O Monumento de Varnhagen é ao mesmo tempo grandioso e mesquinho: — Numa erma clareira do Araçoiaba, sobre modesta pilastra de pedra grosseira, ergue-se a pequena cruz tosca de ferro, levantada à memória do que morreu longe da pátria, ausente dela durante quase toda a vida, mas "estremecendo-a" desde criança, honrando-a com seu trabalho e com sua inteligência; e, até a hora derradeira, lembrando-se desse recanto do mundo onde nascera, para pedir que aí perpetuasse o testemunho do seu patriotismo numa legenda que deixou ao morrer.
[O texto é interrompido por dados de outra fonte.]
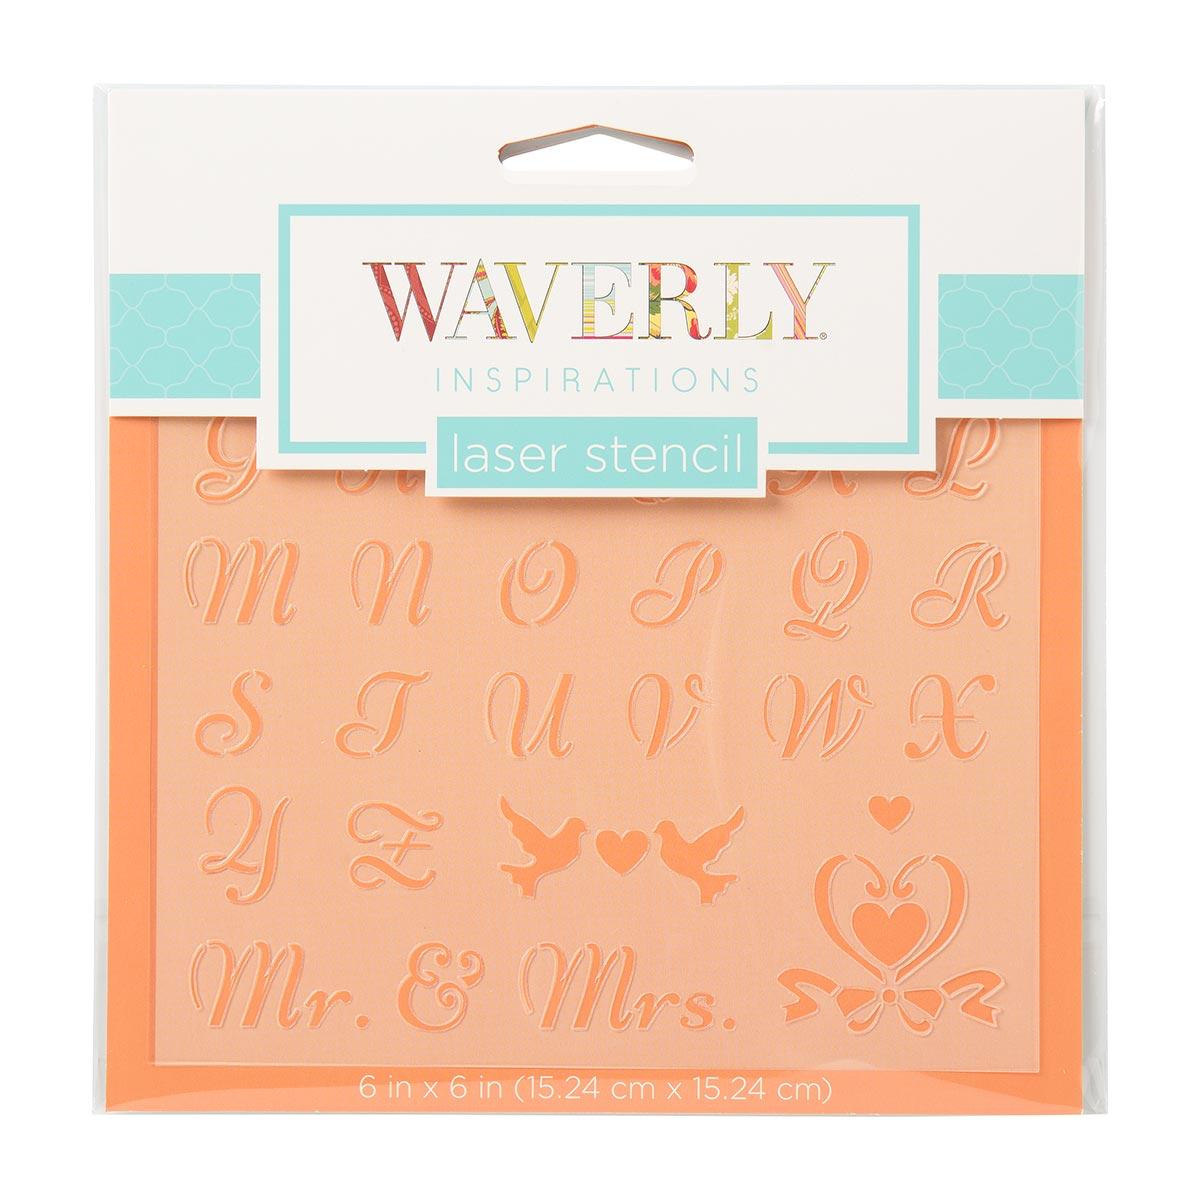 Waverly ® Inspirations Laser Stencils - Accent - Alpha Fancy, 6
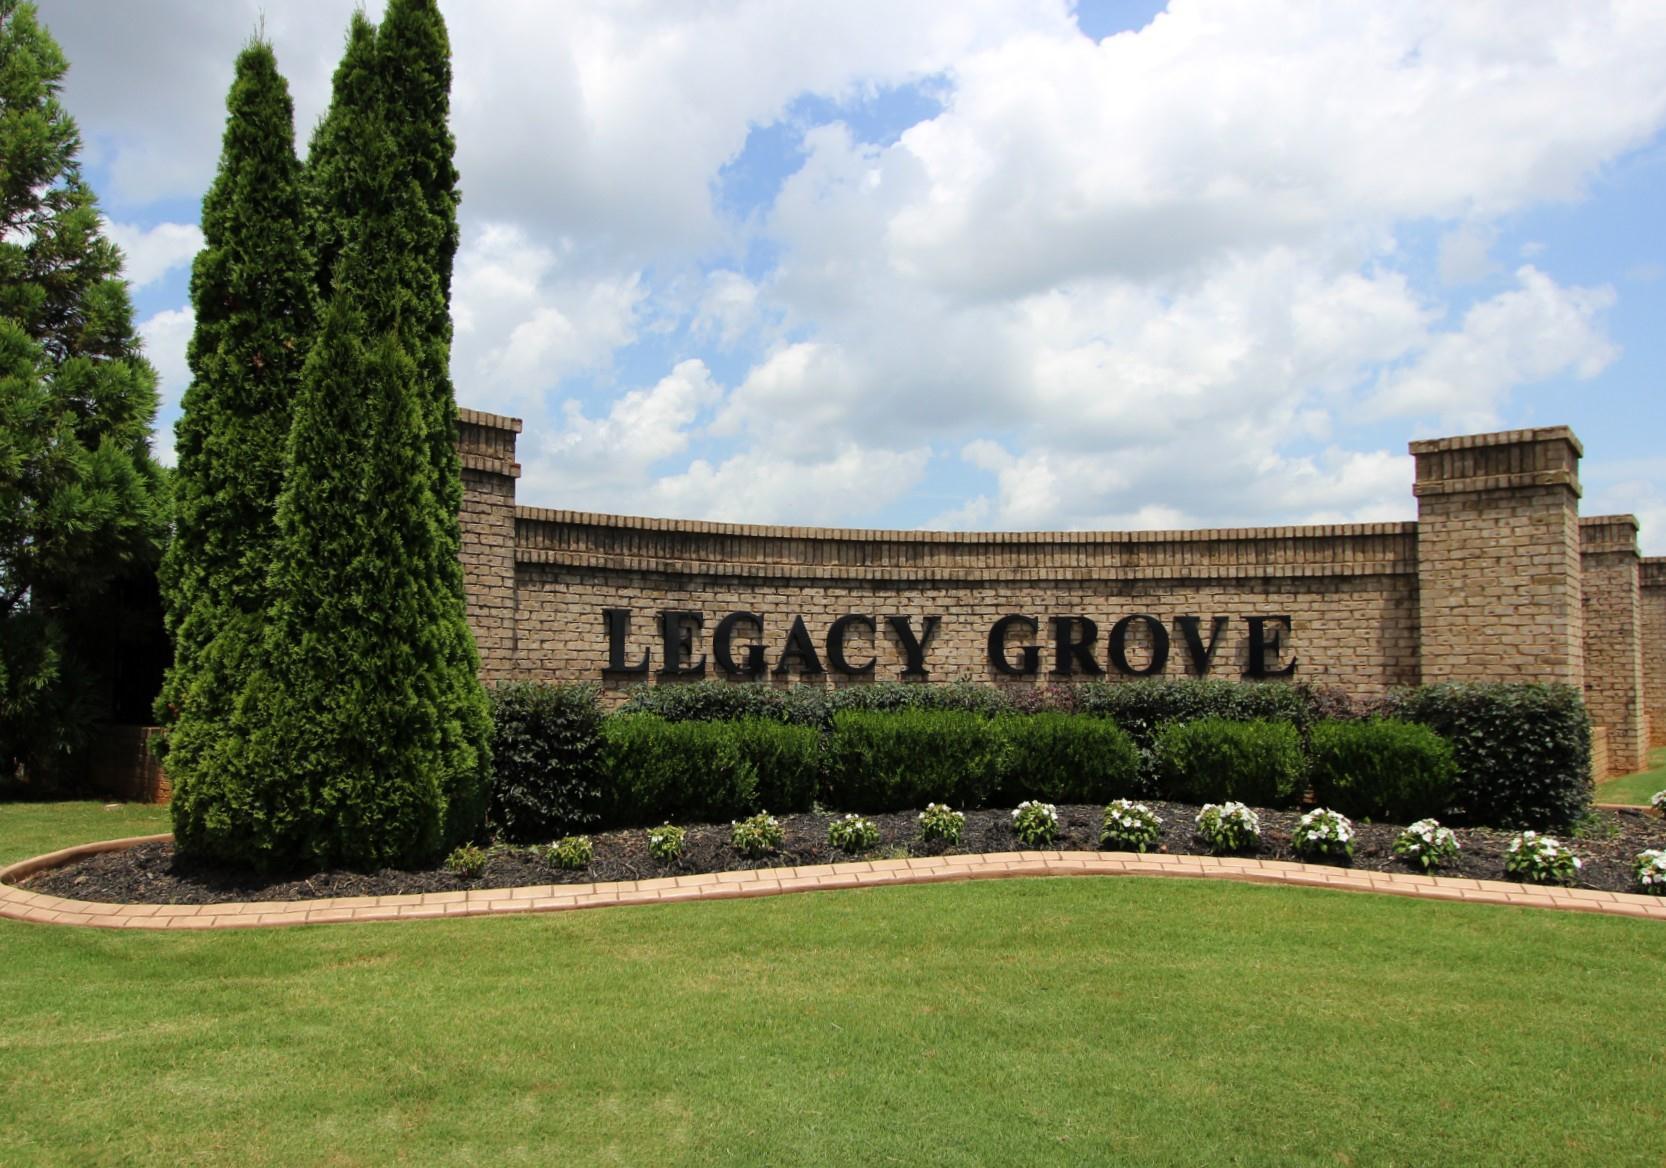 Legacy Grove Entrance

A cruz é um símbolo sempre triste; mas ali, na soledade da floresta virgem, o merencóreo vulto da Cruz de Varnhagen, com os braços estendidos na direção Norte-Sul, enfrentando com o sol que além surge por detrás da serra, destaca-se como uma nota de indefinível tristeza no fundo azul do céu iluminado e glorioso!

Na face da pilastra, fronteira ao Levante, num escudo de ferro fundido, lê-se a inscrição que Varnhagen deixara em seu testamento; é o adeus nostálgico daquele grande espírito êxul na terra estrangeira:

 



À MEMÓRIA
DE VARNHAGEN, VISCONDE DE
PORTO SEGURO,
 NASCIDO NA TERRA FECUNDA DESCOBERTA
POR COLOMBO.
INICIADO POR SEU PAI NAS COISAS
GRANDES E ÚTEIS, AMOU SUA PÁTRIA
E ESCREVEU-LHE A HISTÓRIA.
SUA ALMA IMORTAL REÚNE AQUI TODAS
AS SUAS RECORDAÇÕES


Há alguma coisa de épico nesta legenda que o sol, de hoje em diante, pelo decorrer dos tempos, iluminará todas as manhãs com seus primeiros raios nascentes.

Como dissemos, no monumento de Varnhagen contrasta a mesquinhez da matéria com a grandeza moral da idéia.
O pensamento aí simbolizado é o patriotismo do autor da "História Geral do Brasil", que, 'tendo sempre vivido longe da terra natal, trabalhando por honrá-la no estrangeiro, não queria que suspeitassem que a olvidava.

Esta era a preocupação constante do seu espírito, mais de uma vez manifestada.

Em 1873, sendo então representante do Brasil na Áustria, e presidente da comissão brasileira na exposição efetuada esse ano em Viena, o Visconde de Porto Seguro, conversando com seu amigo o sr. dr. Mursa, diretor da Fábrica do Ipanema, disse-lhe: "Se eu morrer longe do Brasil, onde quer que seja, não quero sobre minha sepultura nem uma lápide; mas peço que no Ipanema, onde nasci, onde meu pai trabalhou, plantem num recanto solitário da mata uma cruz tosca de ferro fundido da Fábrica, com a inscrição que deixarei em testamento, para que a. todo tempo conste que, mesmo ausente da pátria, nunca a esqueci".

Este desejo Varnhagen manifestou-o ainda, quando em sua última viagem ao Brasil visitou o Ipanema a 28 de julho de 1877, um ano antes de morrer. Passeando então com o sr. dr. Mursa pelas matas, do Araçoiaba, indicou o lugar onde queria que se erguesse uma cruz à sua memória, e nesse lugar está hoje o monumento.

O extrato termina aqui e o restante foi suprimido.